INFORMATION PROVIDED:
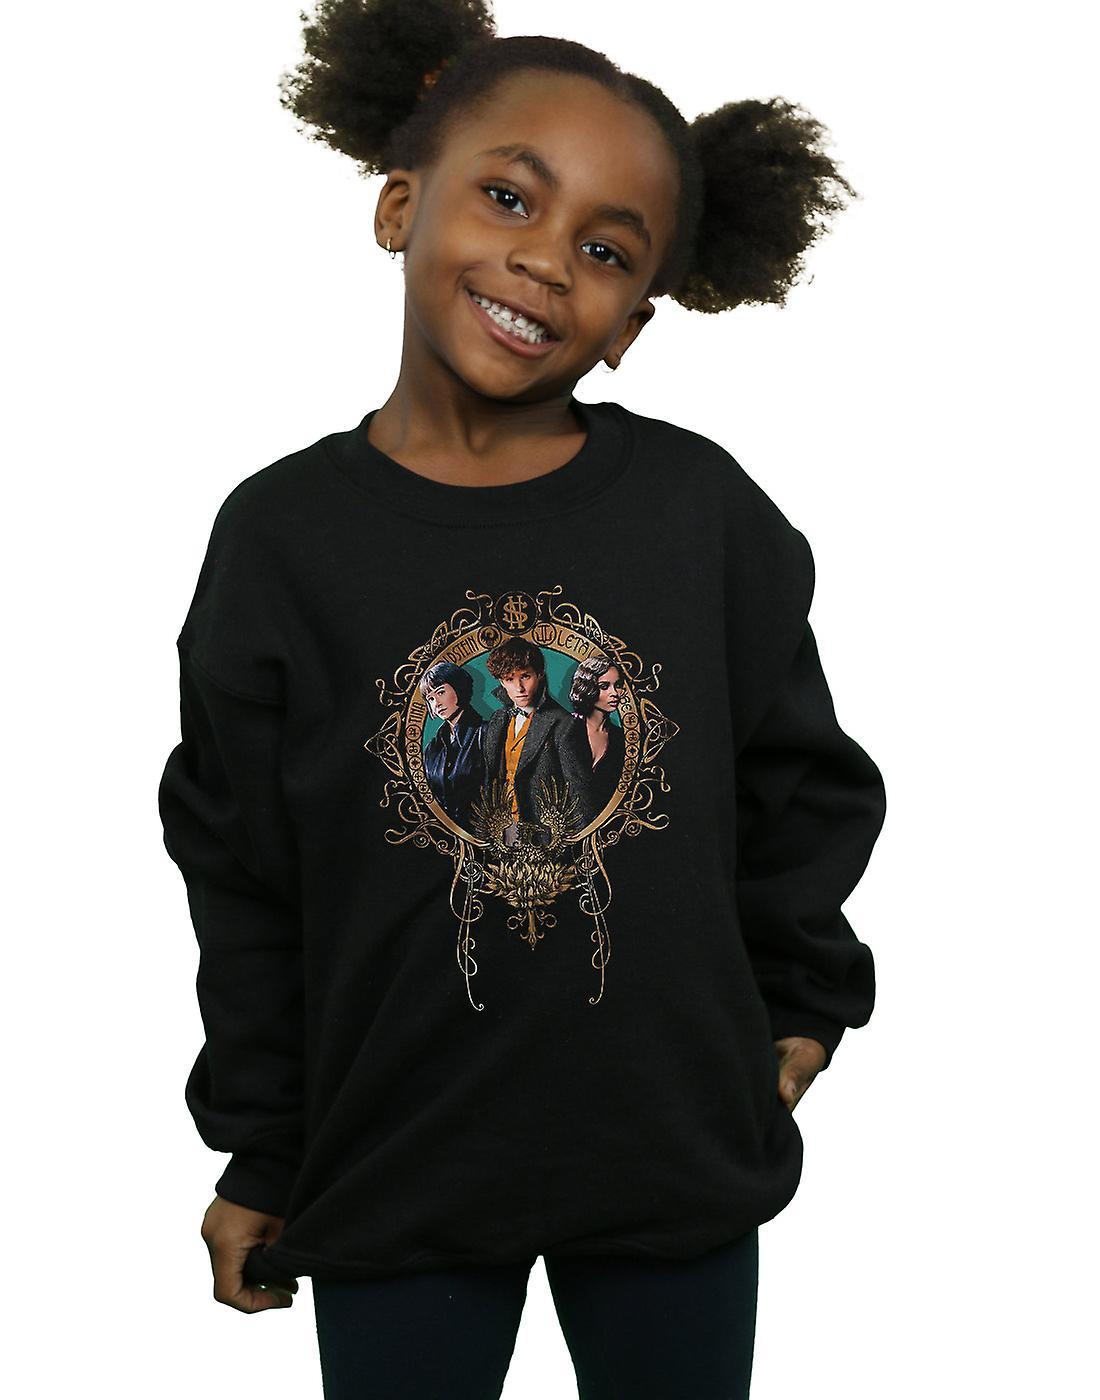 Fantastic Beasts Girls Tina, Newt And Leta Sweatshirt
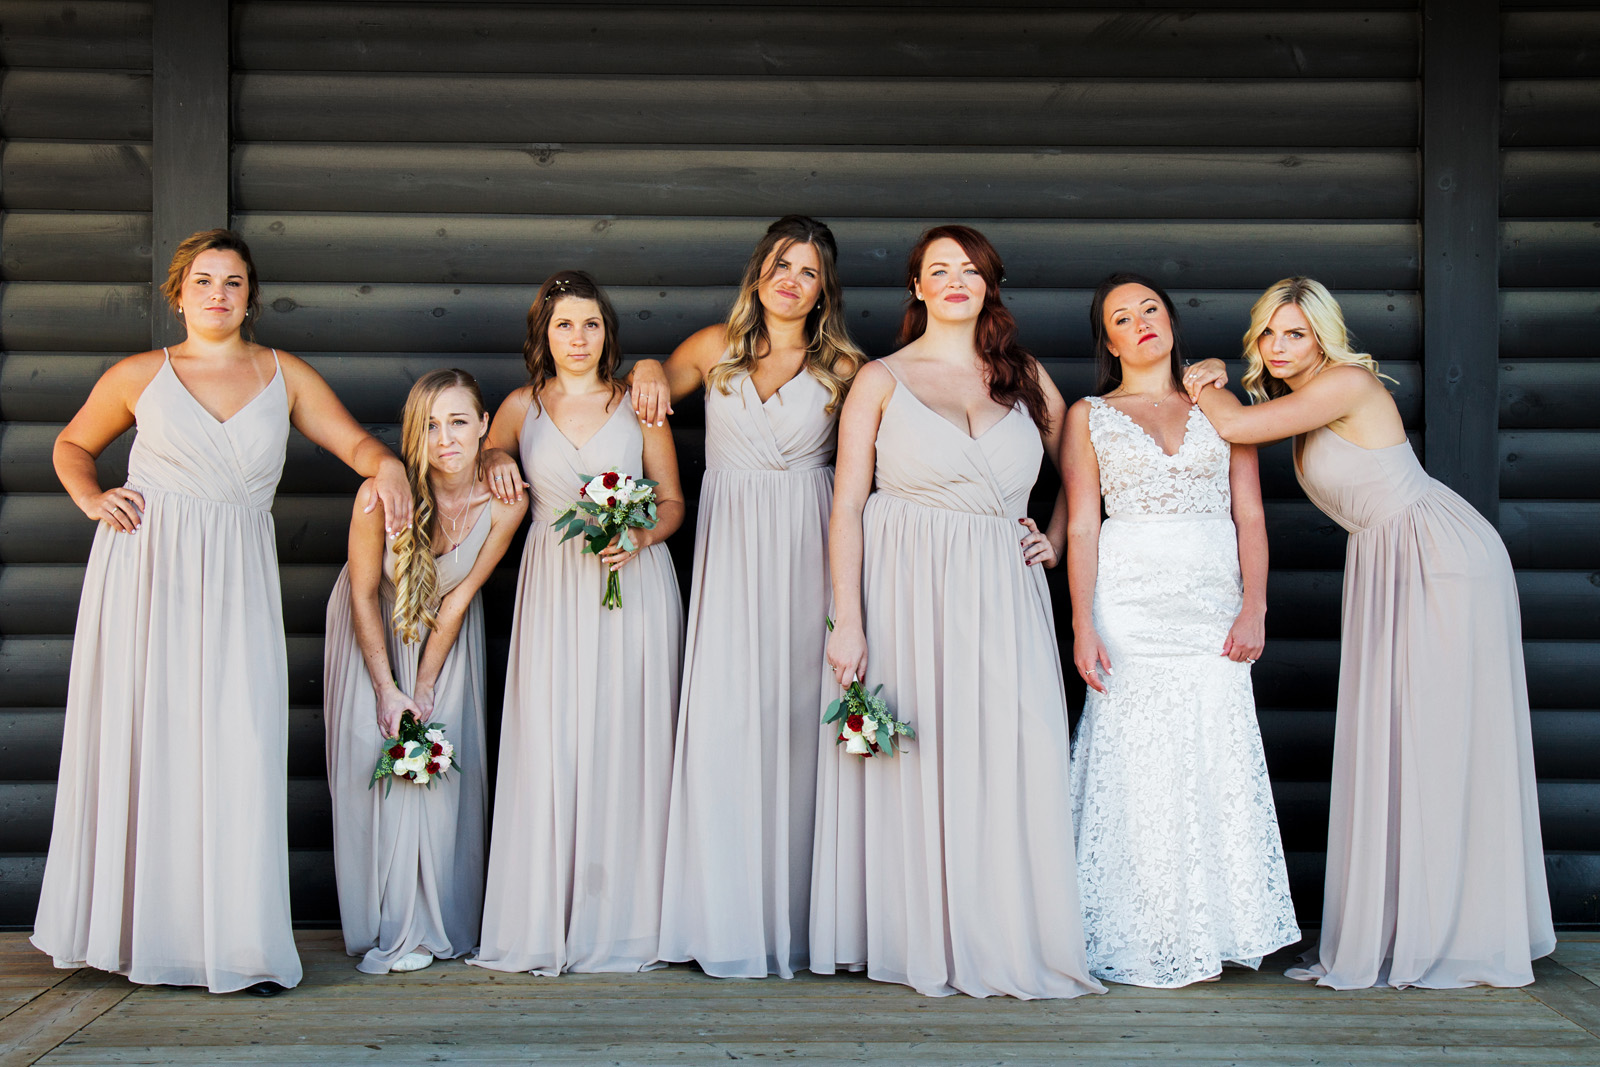 harris_wedding-2189.jpg
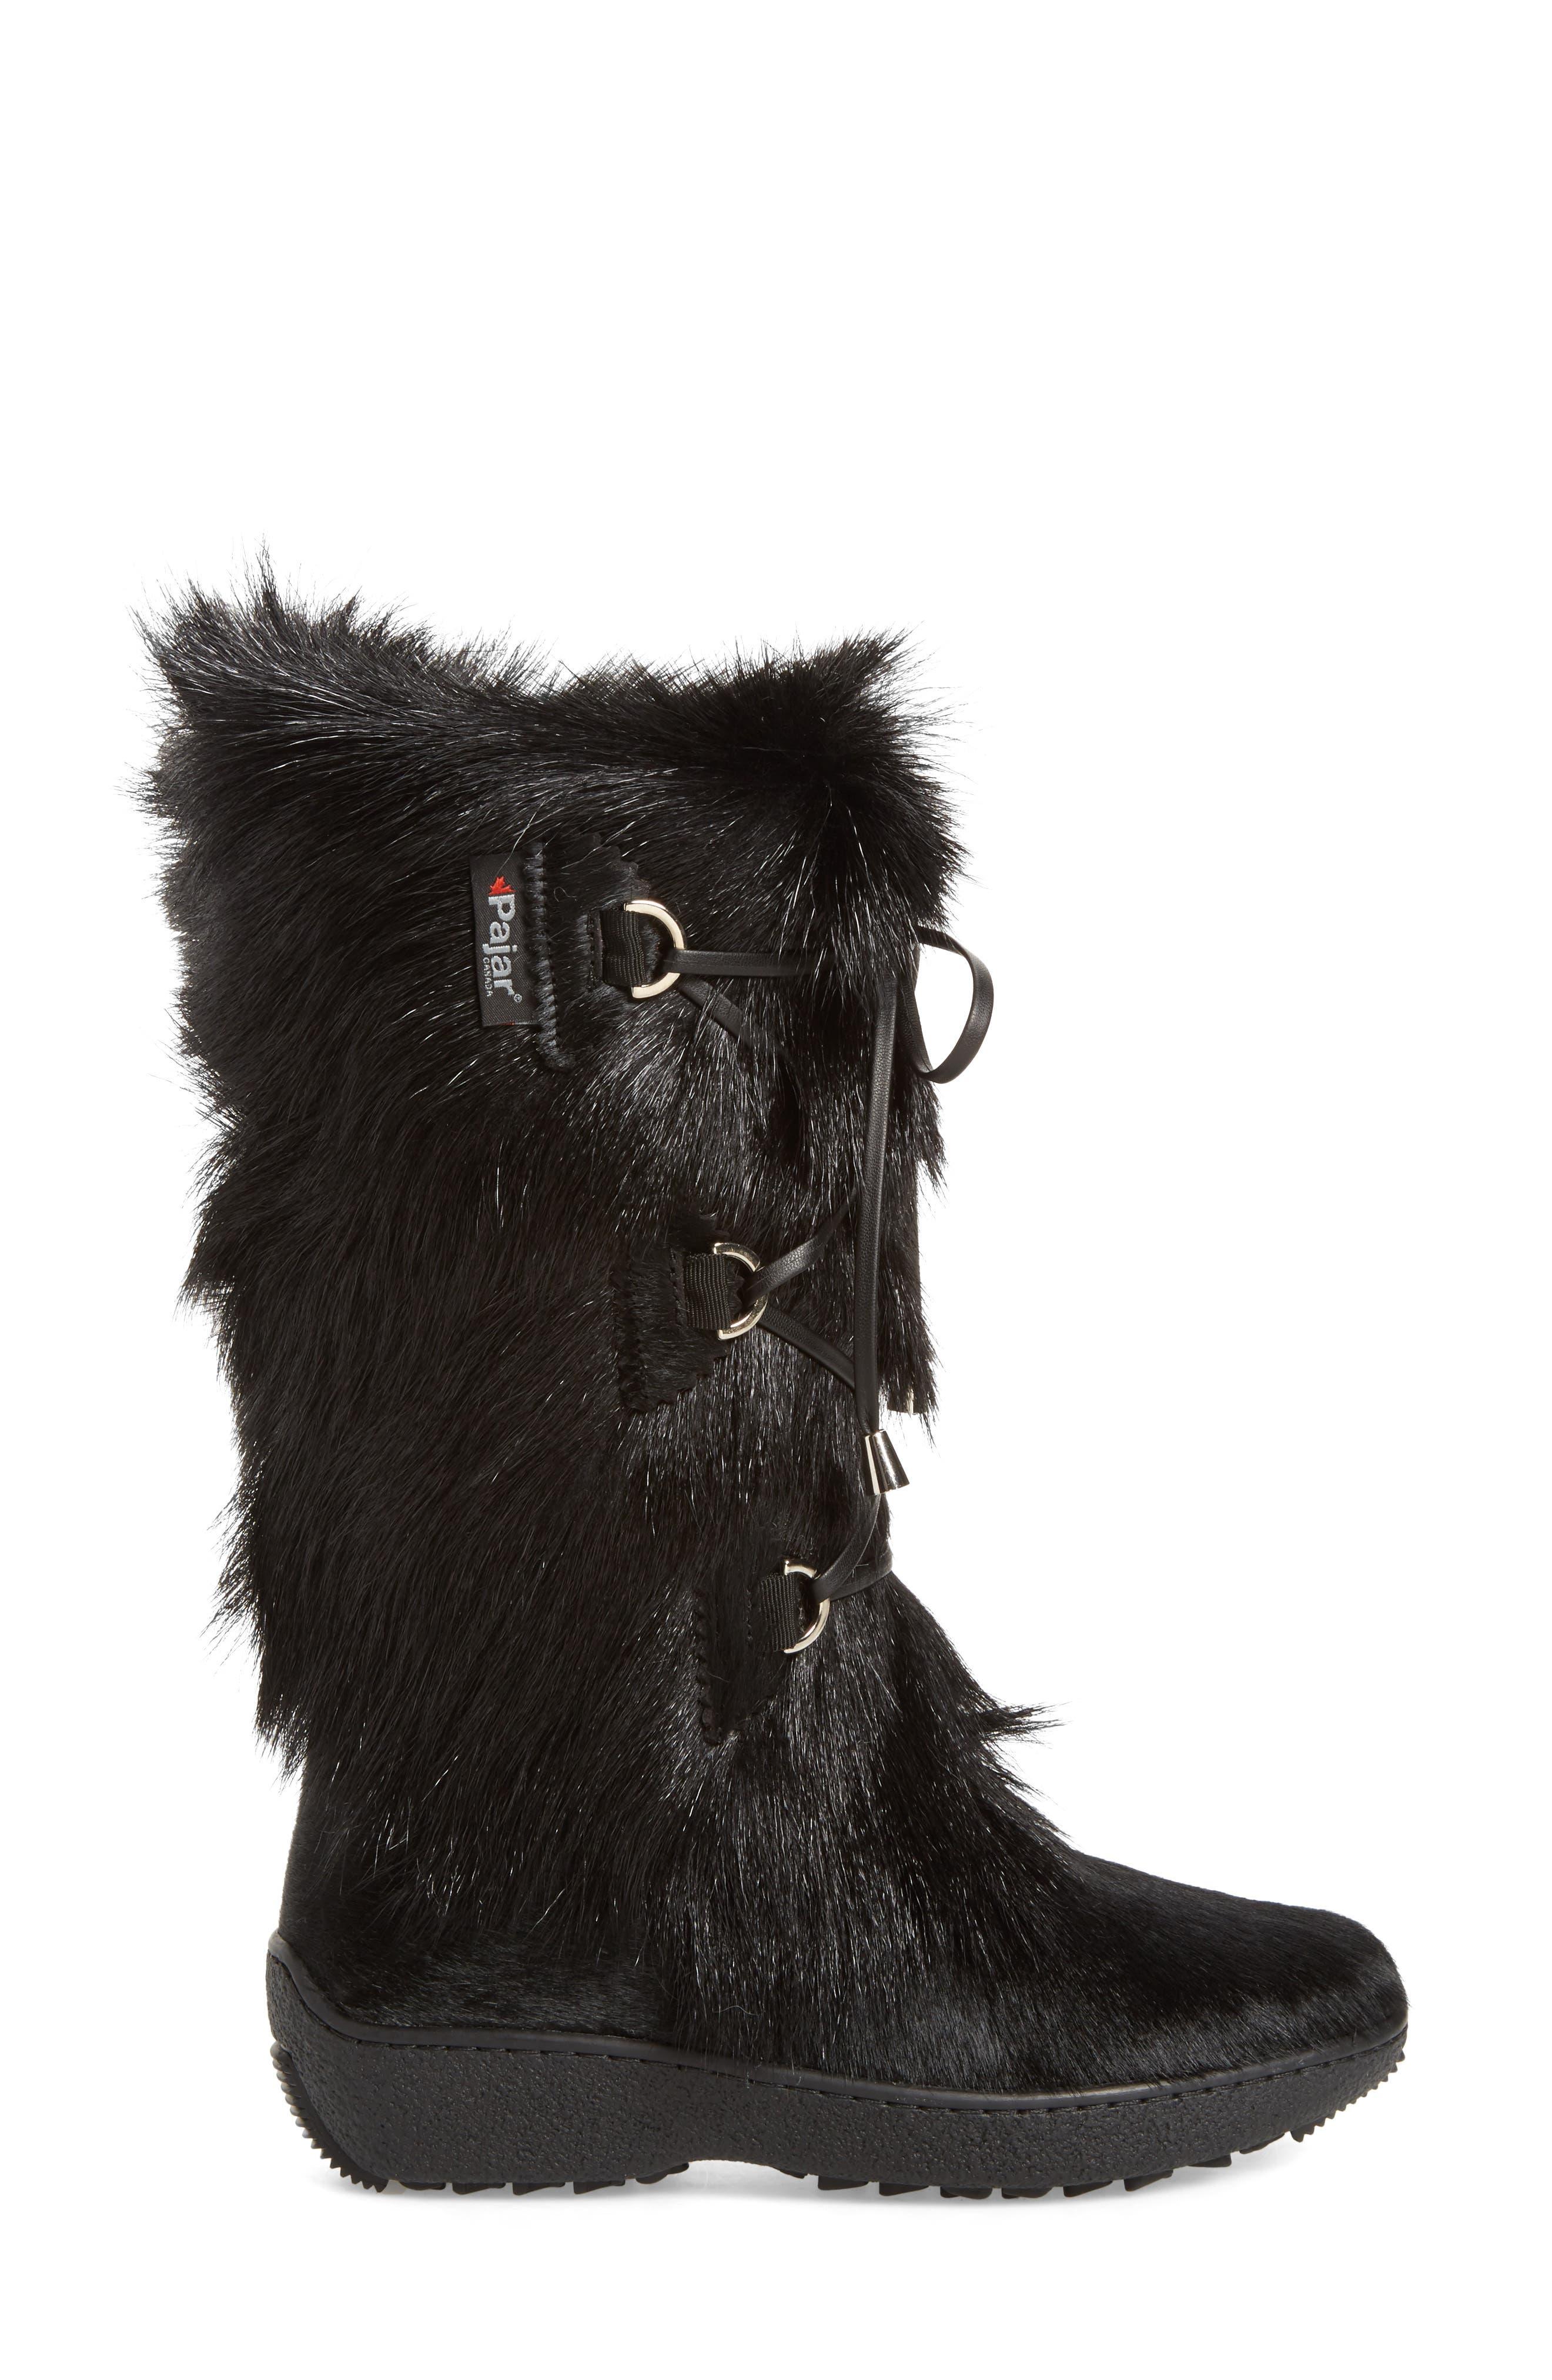 Davos Genuine Goat Fur Boot,                             Alternate thumbnail 3, color,                             001
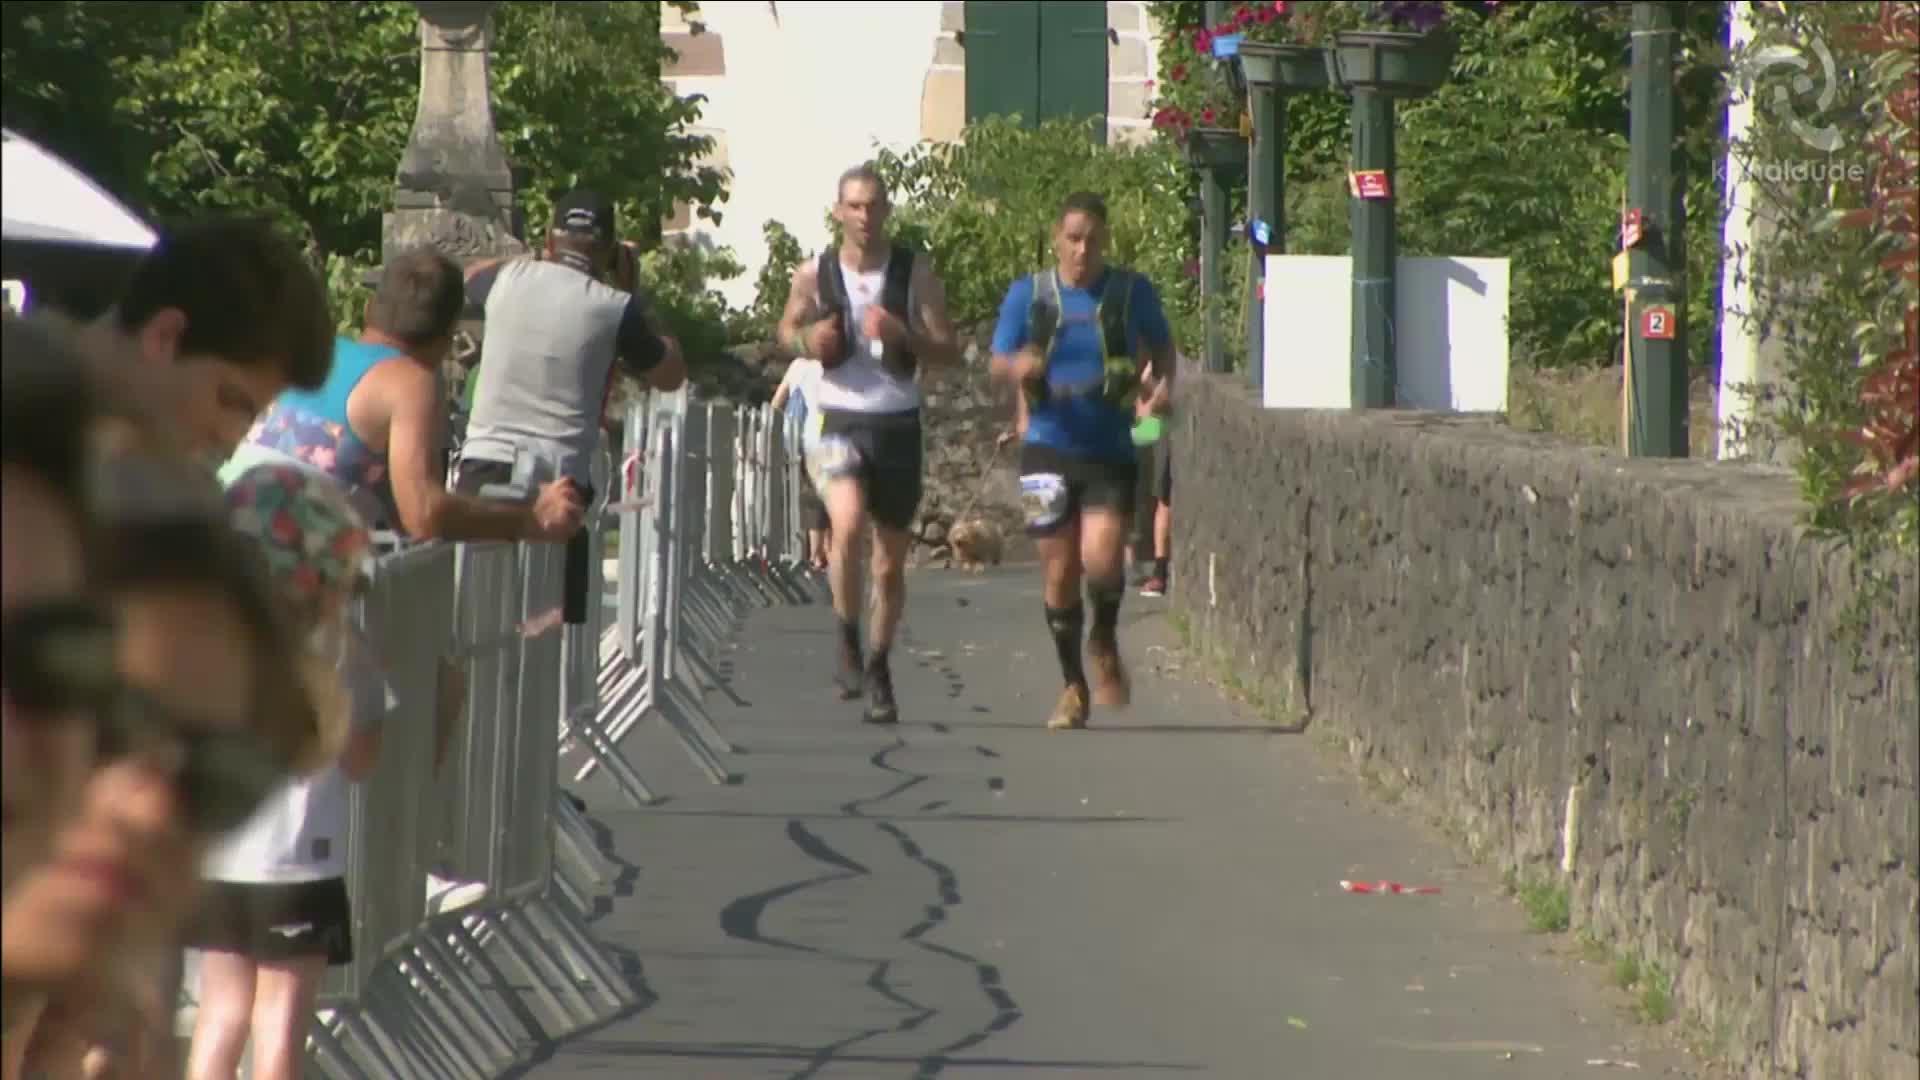 Euskal Trail 2017: Cardein Pioren heltzea

EXERCISE DIRECTIONS:
Retype the whole listing exactly. Do not include the pictures.

RESPONSE TO THIS TASK:
 Fantastic Beasts Girls Tina, Newt And Leta Sweatshirt
 harris_wedding-2189.jpg
 Davos Genuine Goat Fur Boot,                             Alternate thumbnail 3, color,                             001
 Euskal Trail 2017: Cardein Pioren heltzea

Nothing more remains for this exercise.